Very well done article. It's easy to see how the mobile market is growing as a whole, and with mobile products becoming easier and better to use, this number can only intensify in the coming year(s).

LVM :

"One Microsoft advantage over Google: Carrier and manufacturer relationships through Windows Mobile."

Right, but Apple's iPhone has the same relationship with Google.
And iPhone is really popular (more than WM smartphone in USA).

thatguy :

Uhh...LVM simply put...you're wrong about WM smartphones being less popular than the iphone here...

Tom Berber :

In order to understand I-Man and his motives, there's really only one question we need to consider: why is he here?

If his posts contained anything even remotely resembling the subject of Joe's post, there would simply be no reason for him to be here.
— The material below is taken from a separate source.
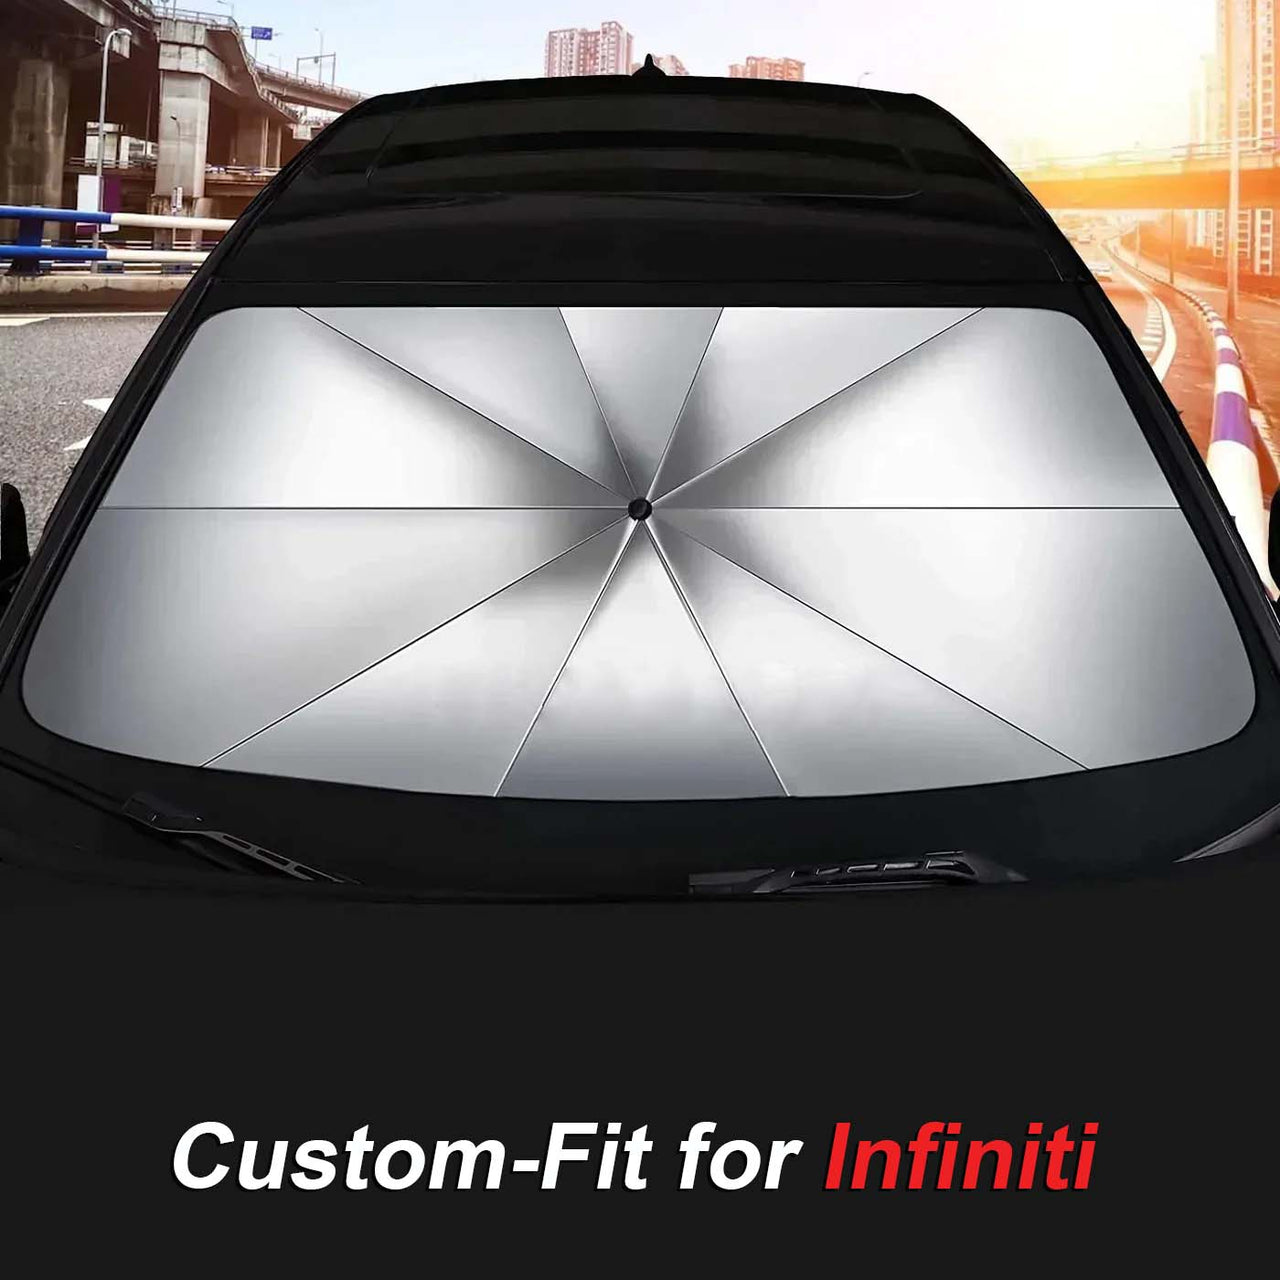 Custom-Fit for Car Windshield Sun Shade, Foldable Windshield Sunshade Sun and UV Protection, Car Sun Shade Windshield

He would spend all his time buying up every share of VCSY.ob he possibly could. He'd be out mortgaging the house and otherwise borrowing every penny he possibly could to buy VCSY.ob stock. He could then simply sit back and wait for VCSY to make him independently wealthy. There would be no need for him to post at all. And we would never have heard of him.

But what if he had already spent many thousands of dollars to buy up VCSY.ob shares and he knew that the company was failing and on the verge of bankruptcy? What if he knew that he was about to lose his entire investment? Ah, then he would have reason to be here, posting every day, disregarding the risk of arrest and imprisonment, trying desperately to pump the price of that stock.

Every time he posts here -- and under any of his many screen names on other message boards -- he shows us all just how desperate he really is. That's all we need to know about him. Or about VCSY for that matter.


Voluntary disclosure: Not stupid enough to touch VCSY.ob stock with a ten-foot pole.